JMI Laboratories, North Liberty, Iowa, USA.
Antimicrob Agents Chemother. 2012 Sep;56(9):4656-61. doi: 10.1128/AAC.00279-12. Epub 2012 Jun 11.
The epidemiology of Staphylococcus epidermidis in U.S. hospitals remains limited. This study aimed to address the genetic backgrounds of linezolid-susceptible and -resistant S. epidermidis strains (isolated in 2010), including cfr-carrying strains. In addition, the antimicrobial susceptibility profiles and linezolid resistance mechanisms among clonal lineages were assessed. A total of 71 S. epidermidis isolates were selected, and linezolid-resistant strains were screened for cfr and mutations in 23S rRNA, L3, and L4. All isolates were subjected to multilocus sequence typing (MLST), and the results were analyzed by eBURST. Overall, 27 sequence types (STs) were detected, and ST5 (21.1%) and ST2 (16.9%) predominated. The majority (62/71; 87.3%) of STs belonged to clonal complex 2 (CC2), which was mostly comprised of subclusters CC2-II (41/62; 66.1%) and CC2-I (21/62; 33.9%). Other STs were grouped within CC23 or CC32 or were singletons. CC2-I strains were more likely to display a methicillin (95.2% versus 33.3 to 70.7%), a linezolid (47.6% versus 0.0 to 7.3%), or a multidrug (81.0% versus 33.3 to 36.6%) resistance phenotype. Among linezolid-resistant isolates, cfr was noted only within CC2 strains, and it was detected equally in the CC2-I (3/10; 30.0%) and CC2-II (1/3; 33.3%) subclusters. 23S rRNA mutations (G2576 [seven strains] and C2534 [one strain]) were observed only among CC2-I (8/10; 80.0%) isolates. Strains showing a G2576 alteration also had M156 (7/7; 100.0%) and/or H146 (6/7; 85.7%) L3 modifications. This study provides an overview of the S. epidermidis clonal distribution and reports higher resistance rates among CC2-I strains. The results show that cfr may be acquired and expressed by both CC2 main subclusters, while 23S rRNA mutations appeared more often within CC2-I strains. Interestingly, these 23S rRNA mutants also had L3 alterations, which may act synergistically or in a compensatory manner to minimize the fitness cost while providing survival advantages under selective pressure.
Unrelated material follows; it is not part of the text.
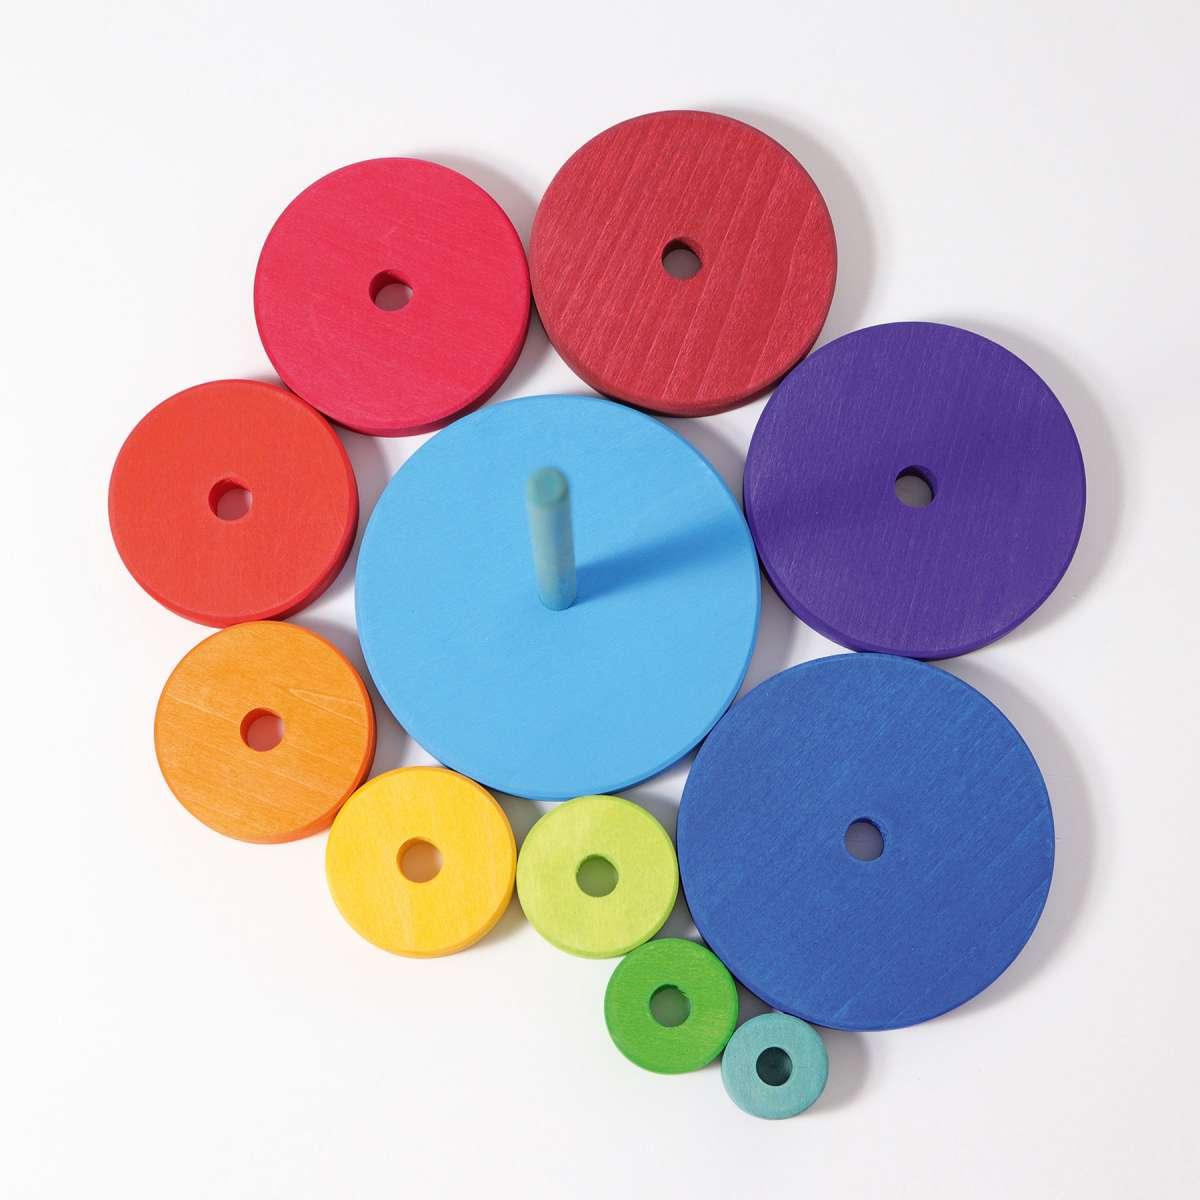 Grimms Scheibenturm, in den Farben des Regenbogens lasiert, 11 Teile, Buchenholz, ab 1 Jahr

美国医院中表皮葡萄球菌的流行病学仍然有限。本研究旨在探讨利奈唑胺敏感和耐药表皮葡萄球菌(2010 年分离)的遗传背景,包括携带 cfr 的菌株。此外,还评估了克隆谱系中的抗菌药物敏感性谱和利奈唑胺耐药机制。共选择了 71 株表皮葡萄球菌分离株,筛选了利奈唑胺耐药株中 cfr 和 23S rRNA、L3 和 L4 中的突变。所有分离株均进行多位点序列分型(MLST),并通过 eBURST 进行分析。总体而言,检测到 27 种序列类型(ST),ST5(21.1%)和 ST2(16.9%)占主导地位。大多数 ST(71/71;87.3%)属于克隆复合体 2(CC2),其中主要由亚群 CC2-II(41/62;66.1%)和 CC2-I(21/62;33.9%)组成。其他 ST 属于 CC23 或 CC32 或为单克隆。CC2-I 菌株更可能表现出耐甲氧西林(95.2%比 33.3%至 70.7%)、利奈唑胺(47.6%比 0.0%至 7.3%)或多药耐药(81.0%比 33.3%至 36.6%)表型。在耐利奈唑胺的分离株中,仅在 CC2 菌株中发现 cfr,在 CC2-I(3/10;30.0%)和 CC2-II(1/3;33.3%)亚群中检测到的 cfr 数量相等。仅在 CC2-I(8/10;80.0%)分离株中观察到 23S rRNA 突变(G2576[7 株]和 C2534[1 株])。表现出 G2576 改变的菌株也具有 M156(7/7;100.0%)和/或 H146(6/7;85.7%)L3 修饰。本研究概述了表皮葡萄球菌的克隆分布,并报告了 CC2-I 菌株更高的耐药率。结果表明,cfr 可能由 CC2 的两个主要亚群获得和表达,而 23S rRNA 突变在 CC2-I 菌株中更为常见。有趣的是,这些 23S rRNA 突变体也具有 L3 改变,这可能以协同或补偿的方式发挥作用,以在选择性压力下最小化适应性成本,同时提供生存优势。